## Task item:
Pictures are to be left out, and only the lines below starting at the one with "Daniel Bryan Dean" and ending at the one with "coinbase stock forecast 2021" are to be reproduced, each exactly, both ends included.

## Data under study:
******************************

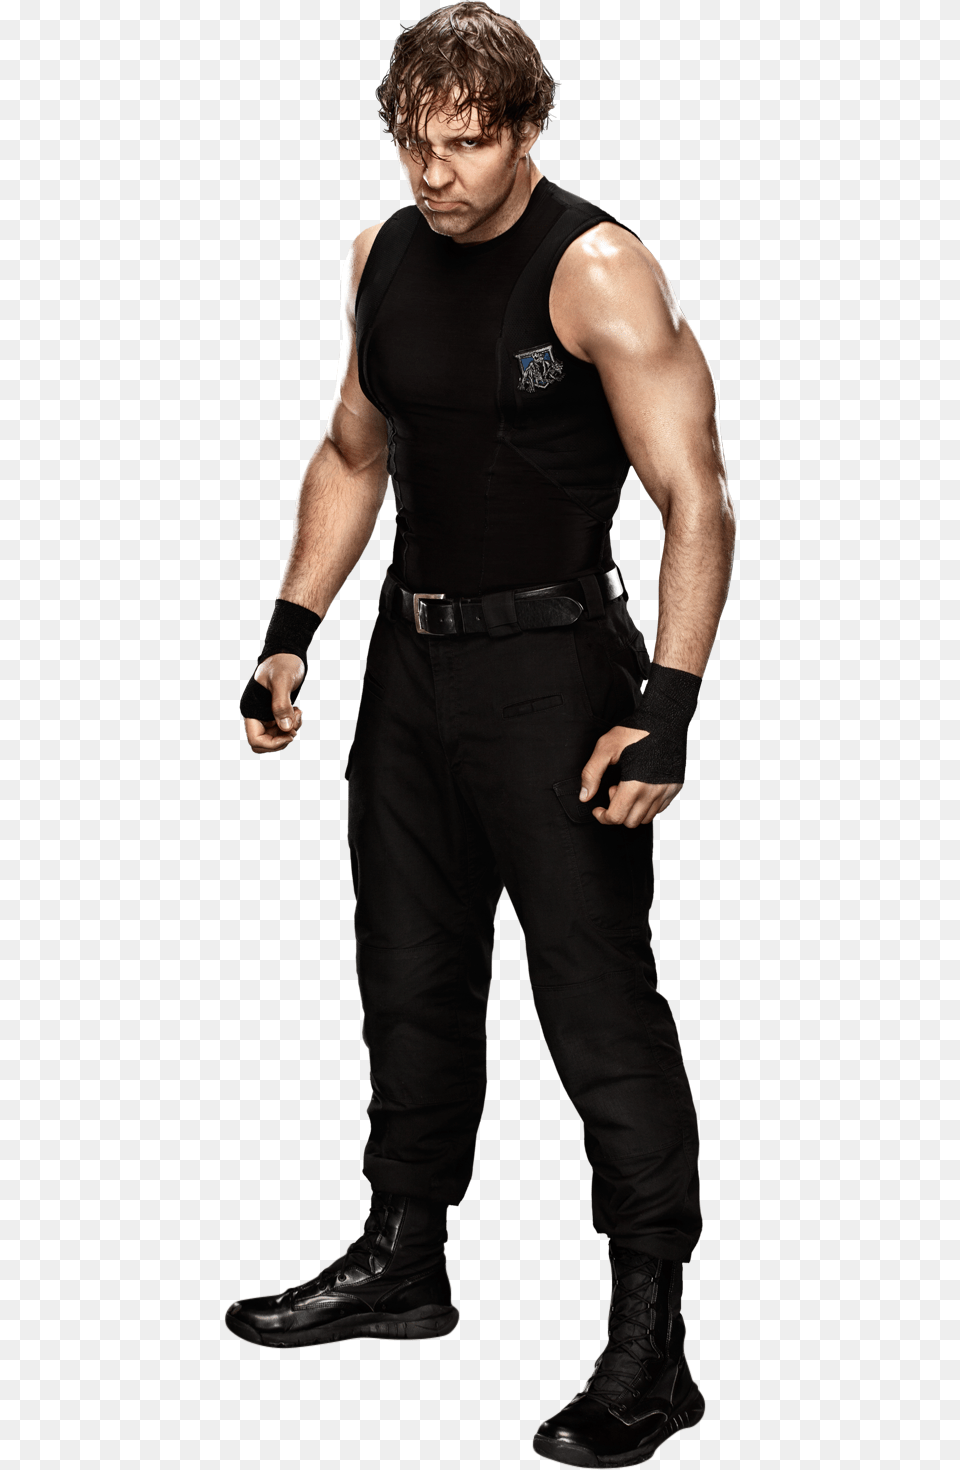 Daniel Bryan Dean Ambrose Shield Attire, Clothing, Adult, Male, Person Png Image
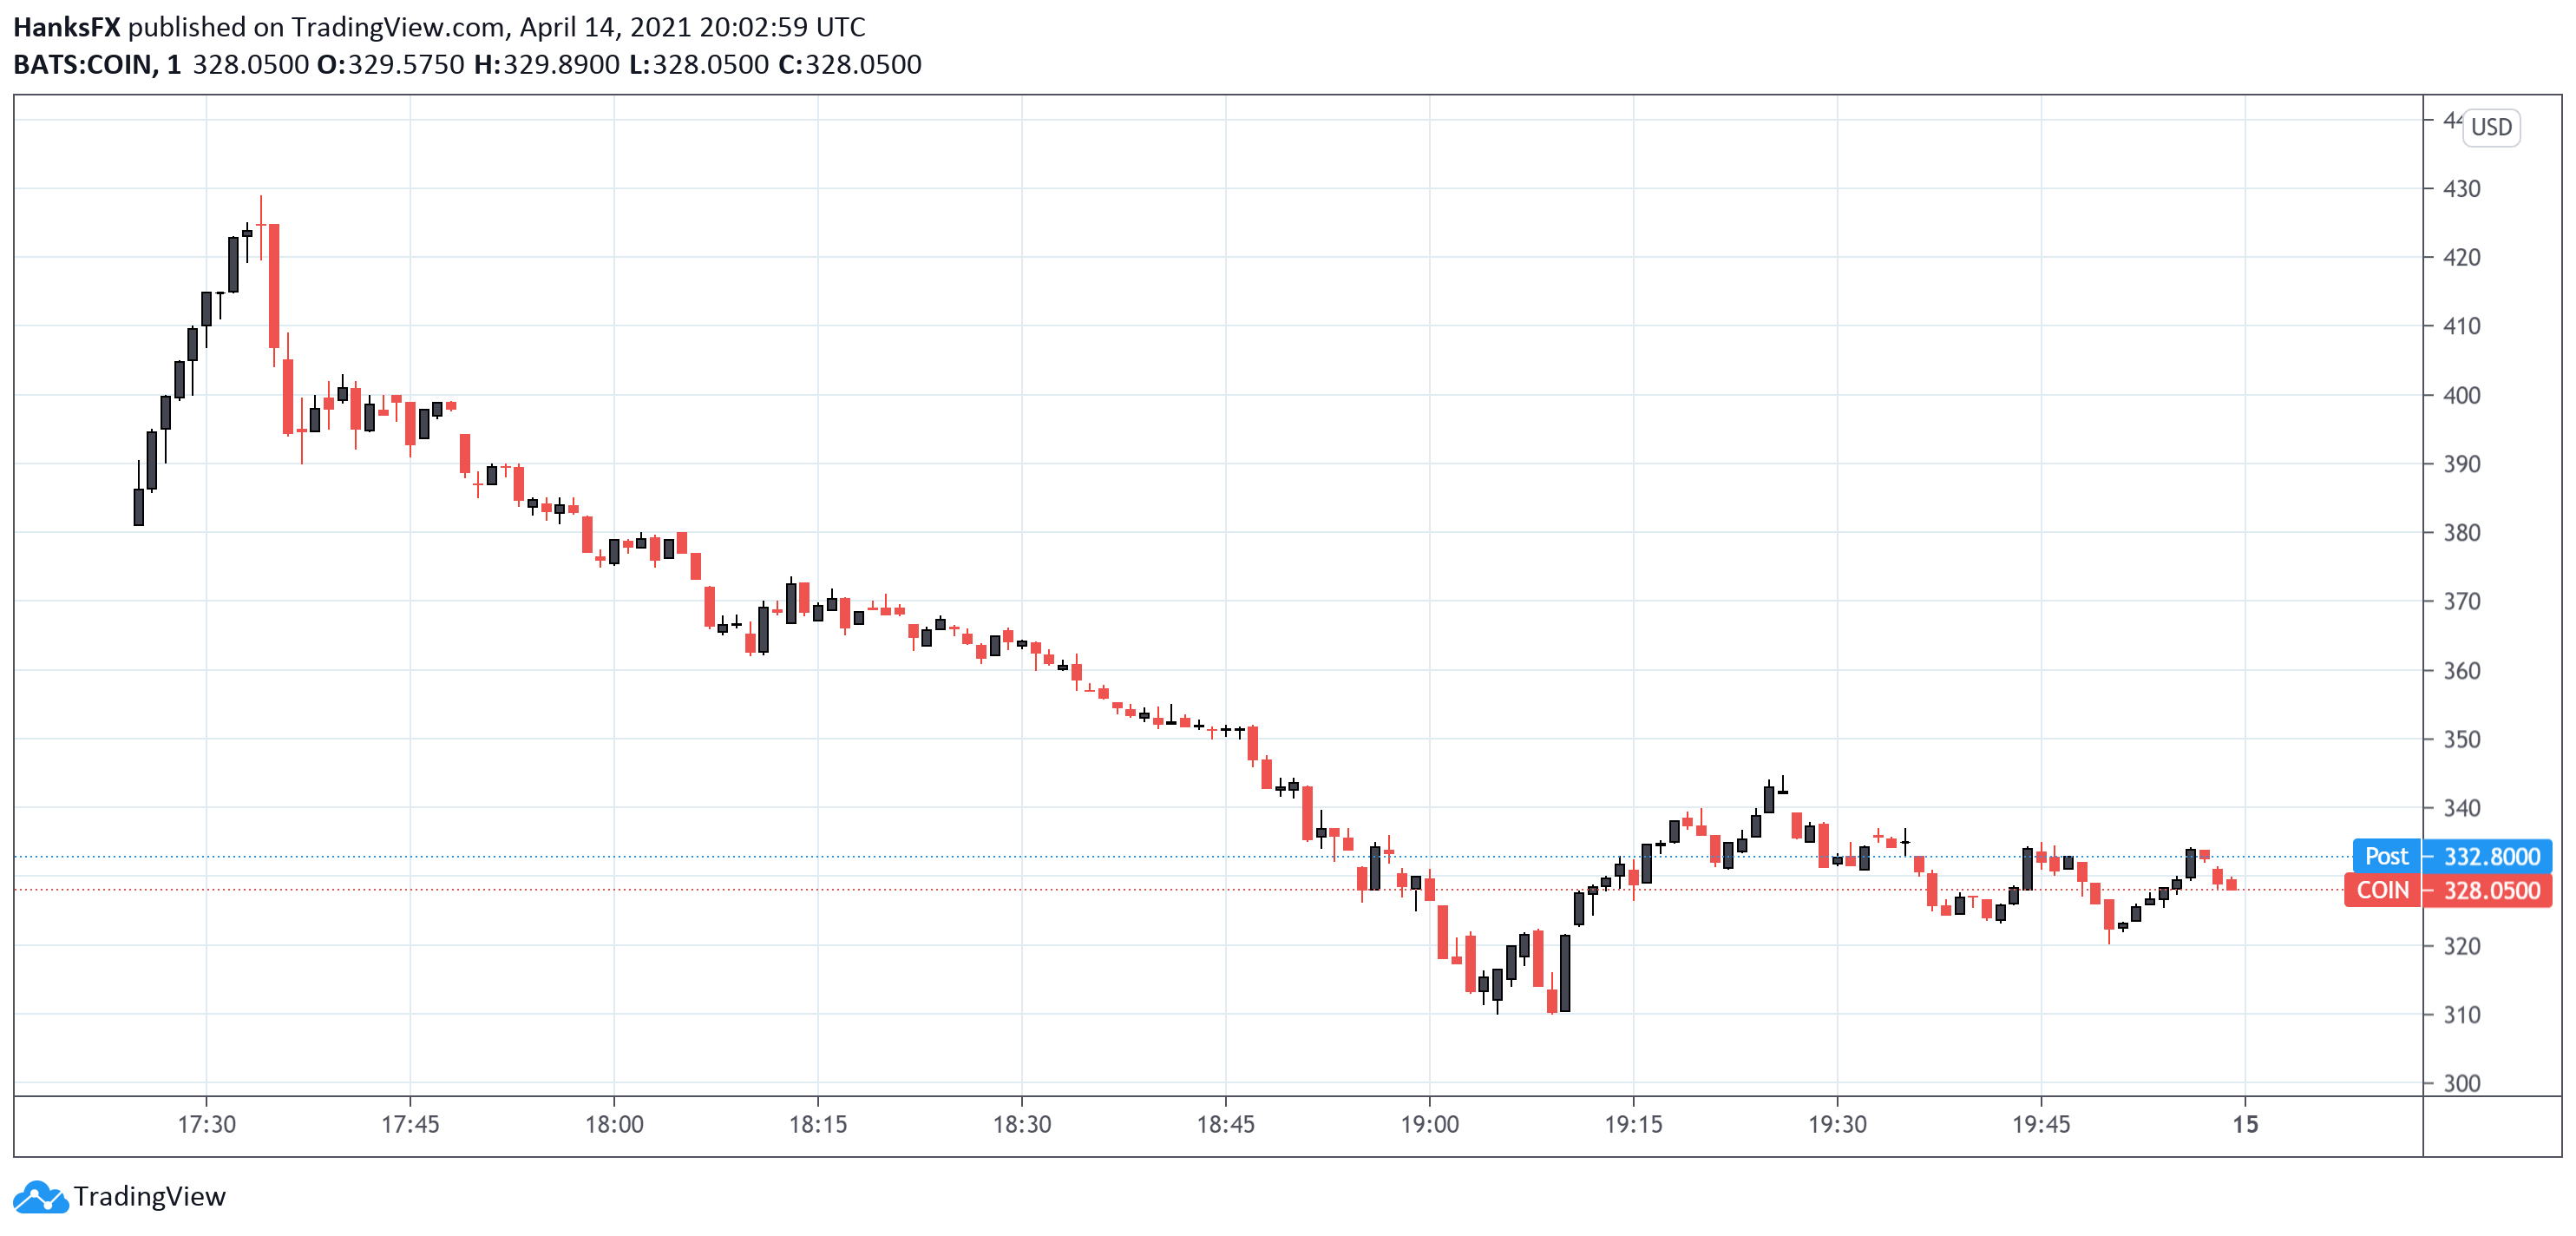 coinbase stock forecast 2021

******************************

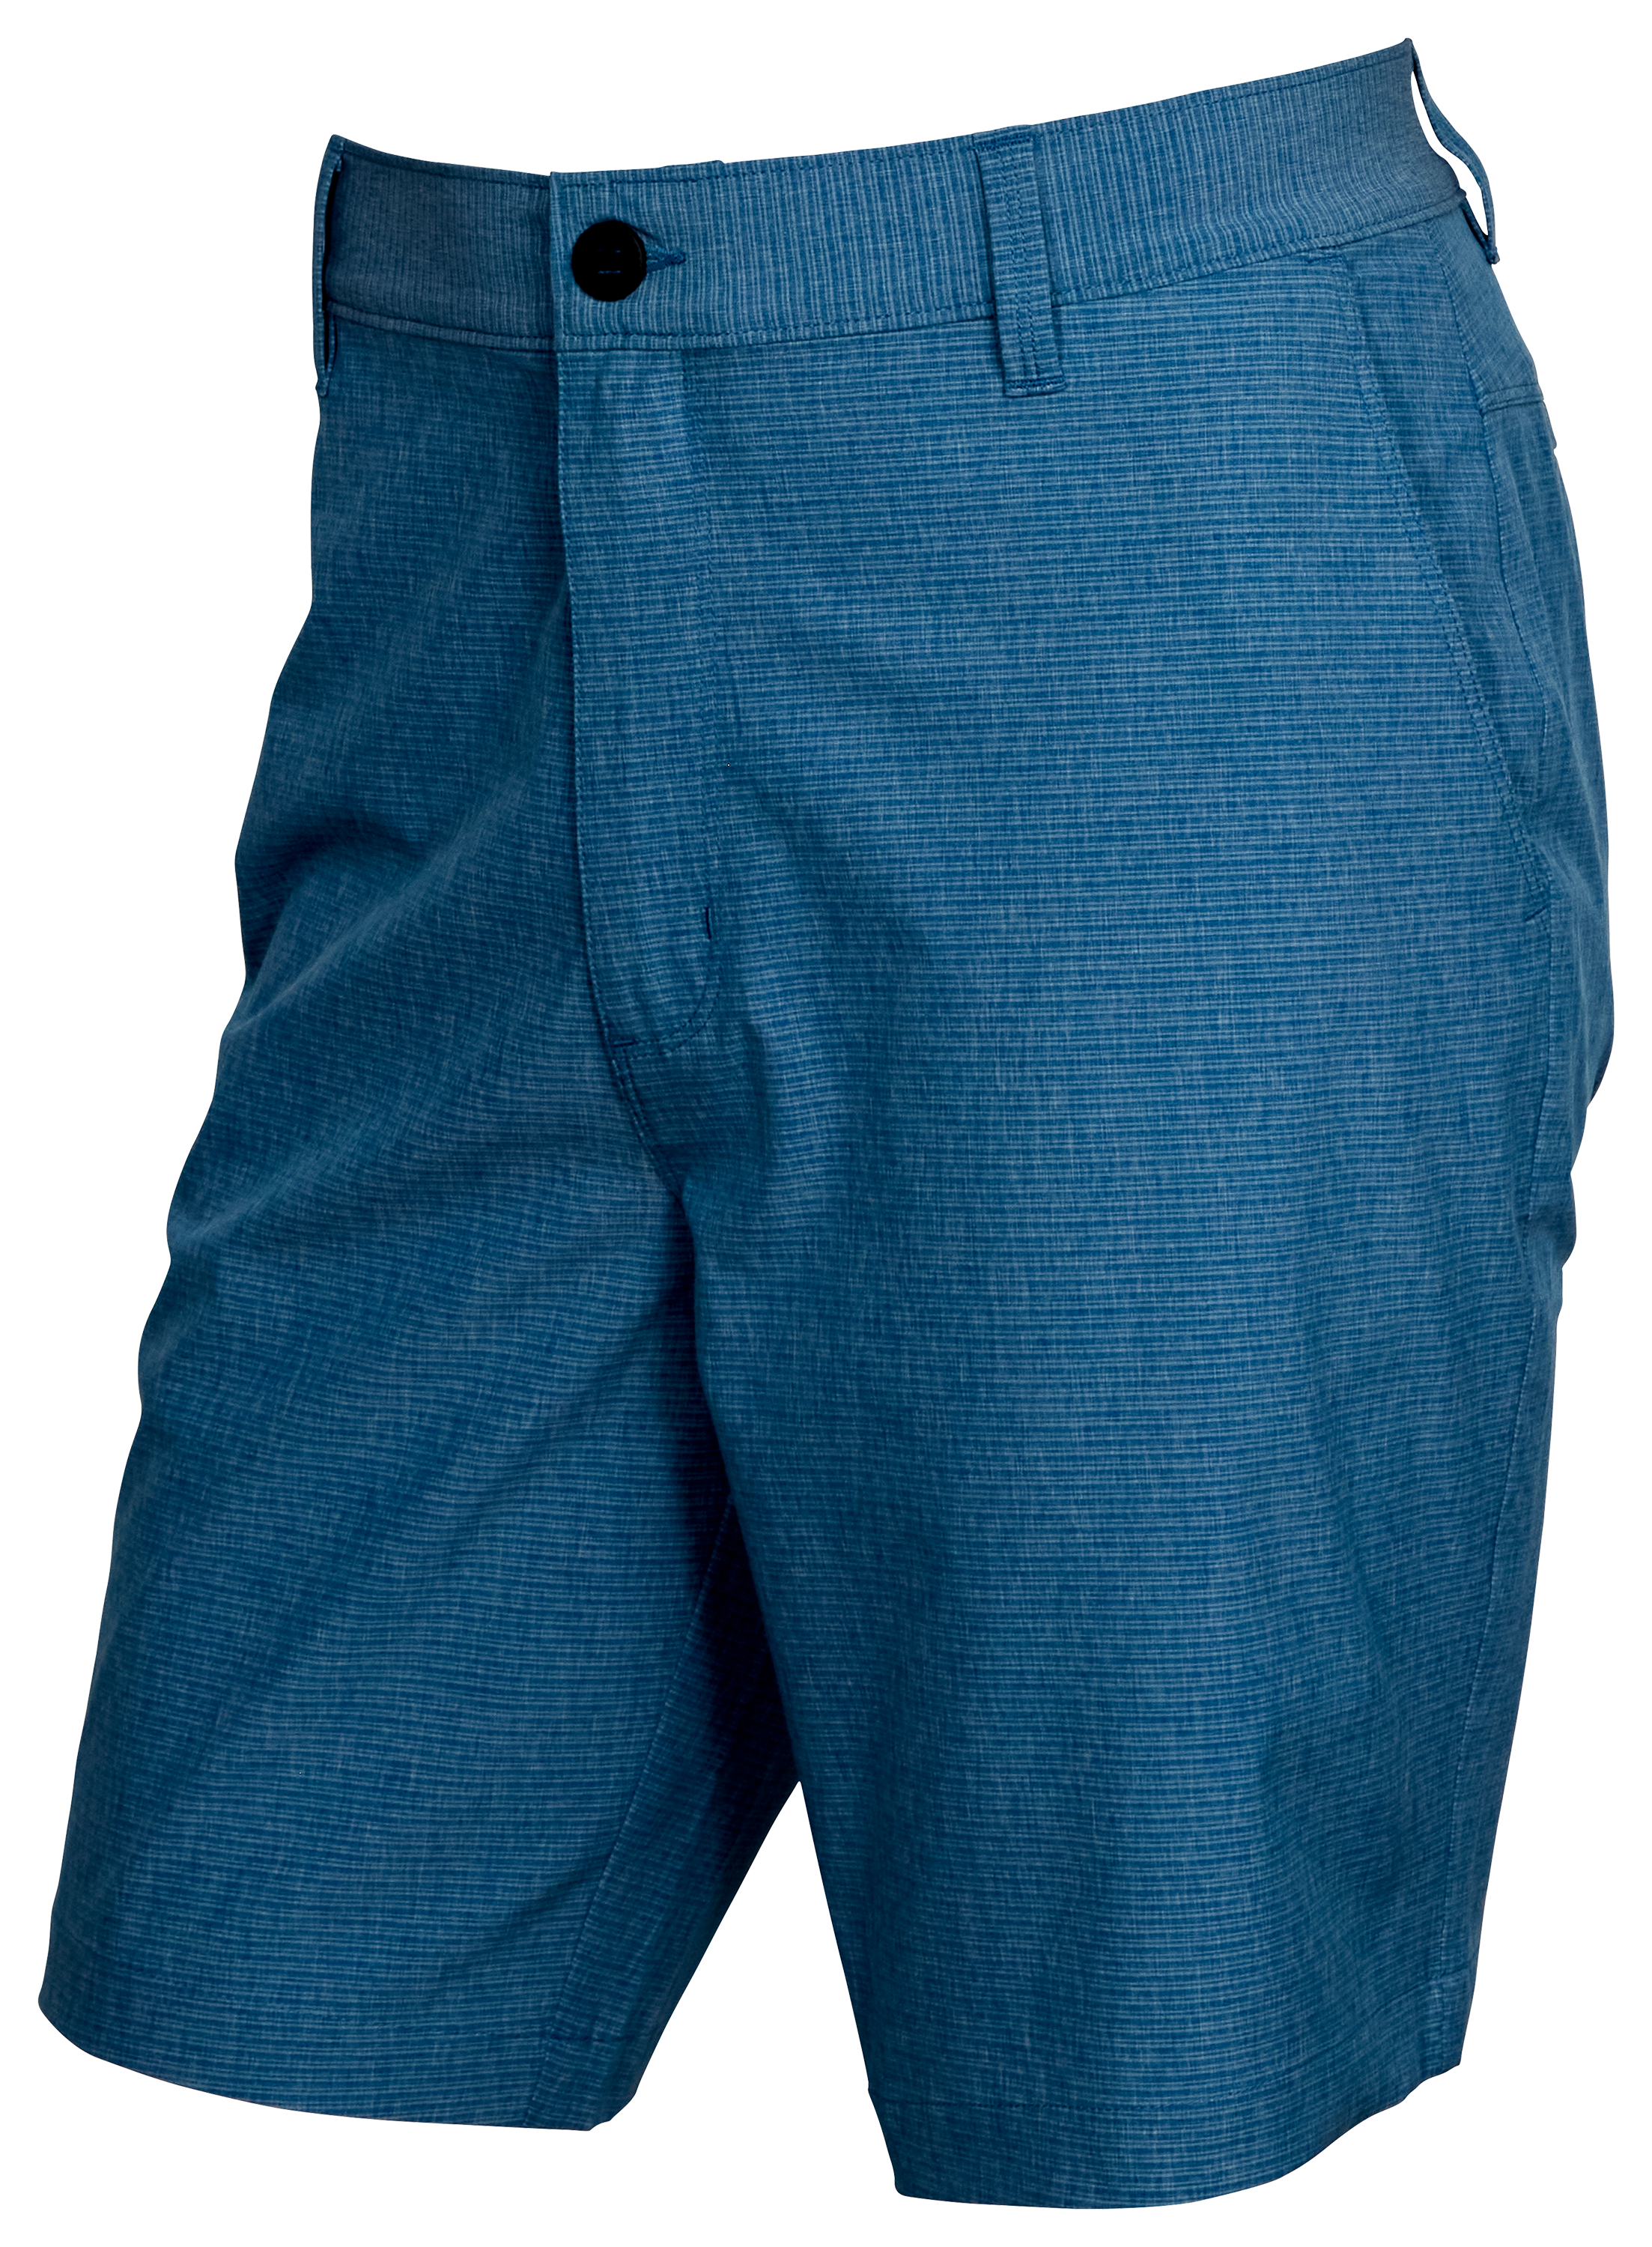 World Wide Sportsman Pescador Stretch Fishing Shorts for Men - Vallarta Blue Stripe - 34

******************************

## Solution for this problem:
 Daniel Bryan Dean Ambrose Shield Attire, Clothing, Adult, Male, Person Png Image
 coinbase stock forecast 2021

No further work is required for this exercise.